Le fonds MCIF est un fonds d’une valeur de 700 millions d’euros dédié à des infrastructures brownfield en Europe continentale.

https://www.next-finance.net/Le-Fonds-Mirova-Core,12072

Vouloir casser ce contrat pour revendre à l’OM, signifierait que Mirova renonce à sa participation, ce qui serait impossible ou bien alors à quel prix…

D’autant plus que l’OM a repris en direct l’exploitation commerciale et technique, ainsi que la maintenance du stade, nous ne savons pas comment ils ont tracté.

Par contre ce qui est sûr c’est que c’est un imbriglio tel que plus personne ne sait qui fait quoi. Nous ne sommes pas sûrs que les tenants et aboutissants du contrat qui lie l’OM à la Ville pour l’usage du stade n’aient pas changé.

Pour rappel, voici la décomposition de la redevance de 25 millions d’euros :

Soit 25 millions d’euros de loyer, au-quel nous enlevons les 12,225 millions d’euros de revenus garantis soit un loyer final de 12,8 Millions d’euros.

Les revenus garantis sont inscrits dans le contrat de partenariat entre la ville et AREMA et ne peuvent être remis en cause.

Ensuite nous avons un autre contrat qui lie cette fois la ville avec le club de l’OM pour que le club puisse utiliser le stade. L’OM s’engage à verser un loyer annuel décomposé en une part fixe de 5 Millions d’euros et une part variable de 0 à 4M€. Au vu des résultats pour la saison 2017/2018, le club n’a pas versé de part variable. Donc pour 2018, le loyer final s’est monté à :

25 millions – 12,225 millions – 5 millions = 7,8 Millions d’euros

C’est obscur …

Au 1er janvier 2018, l’OM exploite techniquement et commercialement le Stade. Un contrat a du être fait entre AREMA et l’OM sans que la ville apparaisse dans ce contrat. Nous avons donc depuis le 1er janvier 3 contrats :

  • 1 contrat (PPP) entre la Ville et AREMA
  • 1 contrat entre la Ville et l’OM
  • 1 contrat entre l’OM et AREMA

voilà, voilà …

Cet équipement devrait être transféré à la métropole en tant qu’équipement sportif métropolitain.

Quand un contrat de partenariat existe, le meilleur moyen de limiter la casse est de le suivre scrupuleusement. Cela induit que la maitrise d’ouvrage titulaire du contrat se dote des moyens nécessaires pour faire un suivi. Au regard des documents remis dans le rapport, rien en nous permet d’assurer que le suivi de la maintenance préventive et curative soit efficace.

Nous nous apercevons sur le dernier rapport que les dépenses engagées pour le gros entretien sont bien inférieures à ce qui était prévu au contrat, il est prévu qu’en fin de contrat (dans plus de 20 ans), ces sommes non dépensées seraient retournées à la Ville (avec une actualisation à 2% l’an).
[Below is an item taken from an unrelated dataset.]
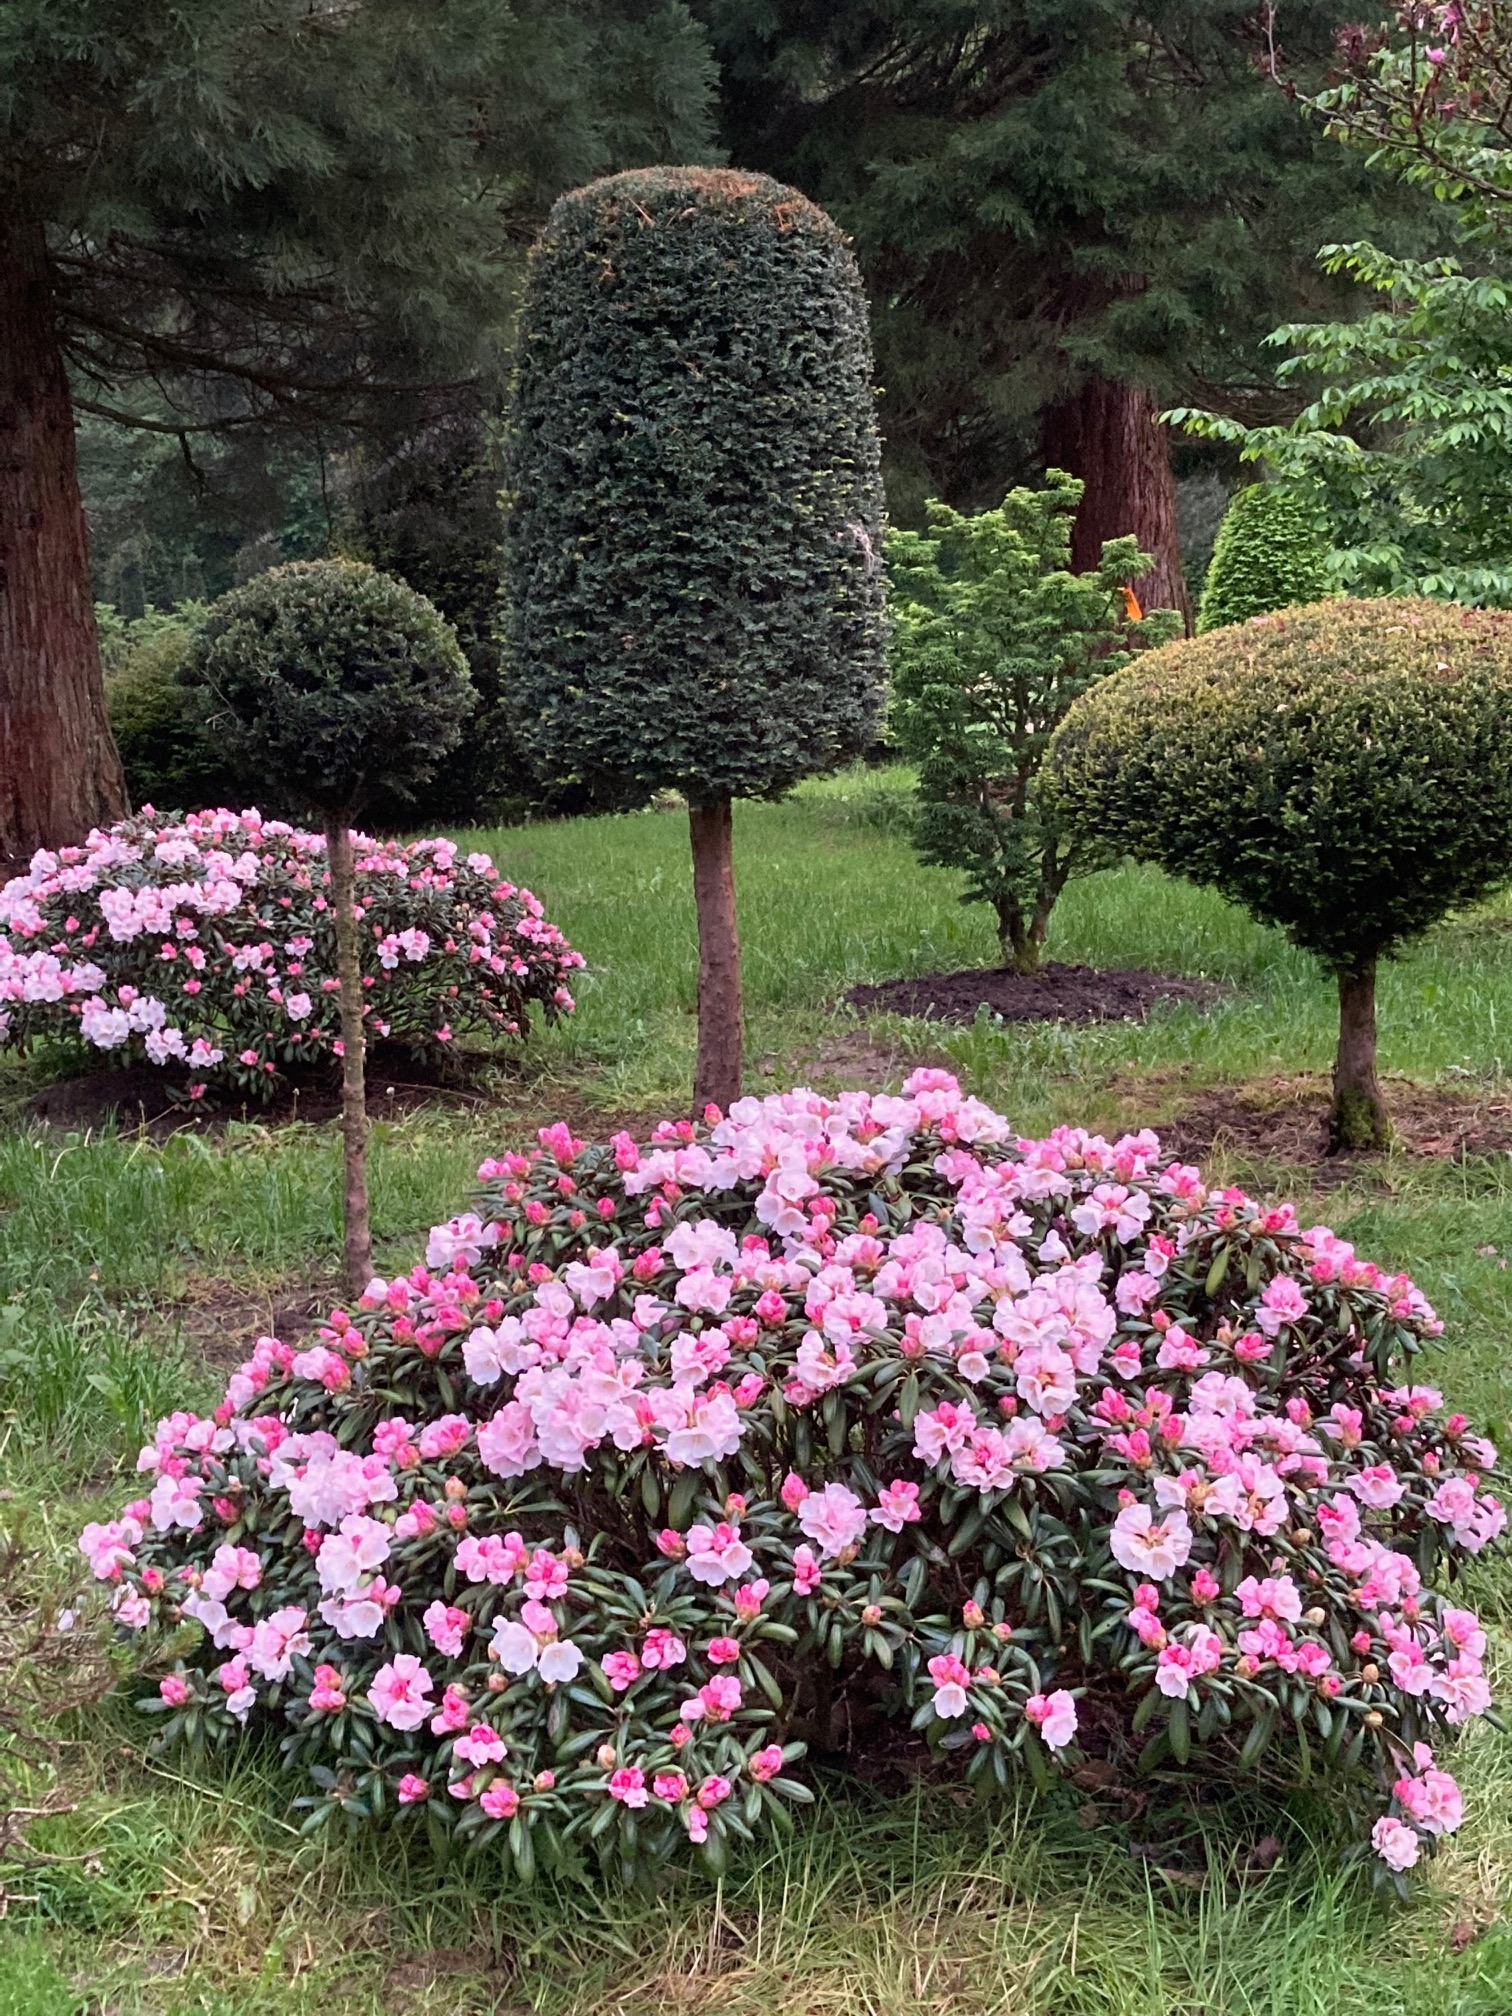 Traumhafte Rhododendron (Baumschule, Gummersbach, Werner, Bäume, Pflanzen, Garten) | Baumschule Werner — Gummersbach

Il ne faudrait pas que ce pactole, initialement prévu pour faire des travaux, soit finalement dilapidé au titre de prestations intellectuelles difficilement appréciables… Nous disons ça comme ça …

En décembre 2017, une porte s’était ouverte à la ville pour que l’OM puisse rentrer dans le capital, la ville a été prévenue du mouvement d’actionnariat, mais elle n’a rien fait et rien signalé … c’est à ce moment là que l’OM aurait du rentrer dans le capital.

L’occasion a été loupée, après ça, c’est Mirova qui est actionnaire majoritaire, et ca ne risque pas de bouger d’ici la fin du contrat …

Ce qui est certain : la cession du marché n’est possible que dans deux hypothèses : si elle a été prévue dans le contrat par une clause de réexamen ou d’option précise, claire et non équivoque, ou si elle intervient à la suite d’une opération de restructuration du titulaire initial. En dehors de ces hypothèses, les modifications qui auraient pour effet de remplacer le titulaire initial par un nouveau titulaire sont interdites.